Hyperion Software and Arbor Software Finalize Merger

Hyperion Solutions Corp. (Sunnyvale, Calif., www.hyperion.com) has begun trading on the Nasdaq Stock Exchange as "HYSL" in the culmination of a merger in the works for several months that analysts say has created a giant in the analytic application software market.

The merger between Arbor Software Corp. and Hyperion Software Corp. was announced May 26. With shareholder approval, the companies combined on Aug. 24, with Nasdaq trading starting the next day.

The deal combines Hyperion’s packaged analytic applications with a specialty in financial applications and Arbor’s OLAP technology into one company with $375 million in revenues for fiscal 1998 and more than 1,800 employees.

Bob Moran of the analyst firm Aberdeen Group (Boston) says of the new Hyperion: "They’ll be going toe-to-toe with folks like Oracle [Corp.], and we reckon that [Hyperion] is going to be a powerhouse."

The combined company’s first order of business was integrating the Hyperion Essbase OLAP tool (previously known as Arbor Essbase) with Hyperion Pillar, a packaged application for budgeting, and Hyperion Enterprise, a packaged application for financial consolidation and reporting. The company is also working to integrate the two companies’ toolsets into Hyperion Tools, a suite of client/server and Web-enabled OLAP reporting, presentation, analysis and application development tools.

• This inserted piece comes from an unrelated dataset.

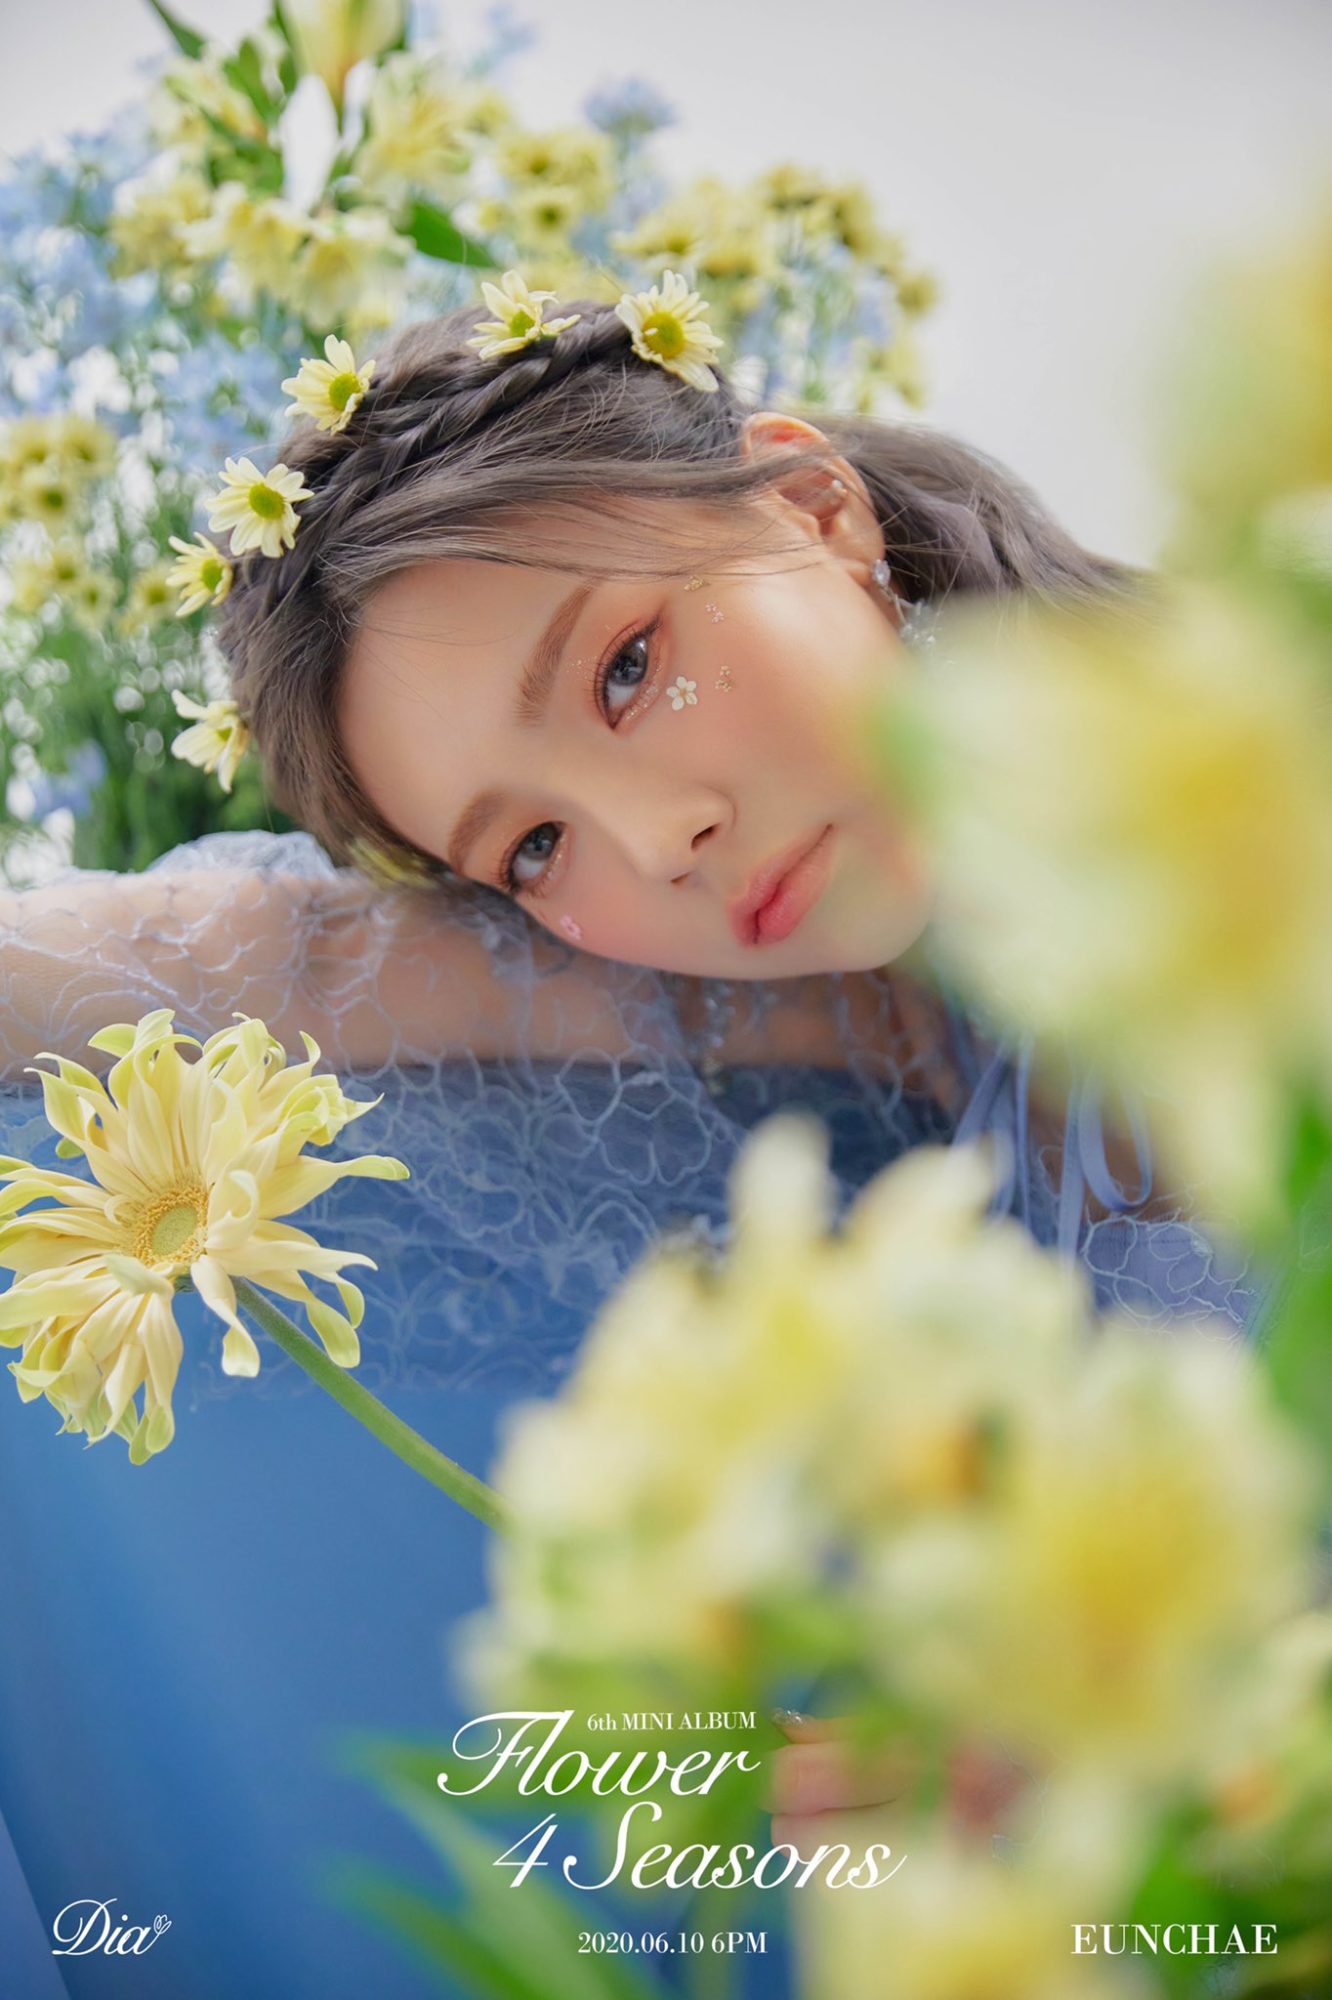 DIA Flower 4 Seasons Eunchae Teaser

The main area of overlap falls in the OLAP products both companies offered, and the emphasis clearly will be on Essbase. "For all existing customers [of Hyperion Software’s OLAP product], we will continue to support them going forward into the foreseeable future," says Dan Druker, director of product marketing for OLAP technology at Hyperion. "At the same time, we plan to make it attractive for those customers to migrate [to Hyperion Essbase]."

Shareholders of Stamford, Conn.-based Hyperion Software and Sunnyvale, Calif.-based Arbor Software approved the issuance of 0.95 shares of Arbor common stock for each share of Hyperion Software common stock. The pooling-of-interest deal leaves Hyperion Software shareholders in control of about 60 percent of the stock and Arbor Software stockholders with about 40 percent of the shares. In fiscal 1998 revenues, Hyperion Software reported roughly $295 million compared with about $82 million for Arbor Software.

While recognizing that the consolidation makes Hyperion Solutions the OLAP market leader by a few percentage points over Oracle, the Hurwitz Group (Framingham, Mass.), an industry analysis firm, has identified several key challenges associated with the merger. One challenge is that embedding the Essbase multidimensional engine into Hyperion Pillar and Hyperion Enterprise may cause problems for backward compatibility with previous versions of Hyperion products. Another risk is that shareholders may demand immediate moves to increase the return on their investments. Before the announcement, the companies had a market capitalization of $1.3 billion. The companies’ market capitalization when the deal was completed was approximately $900 million.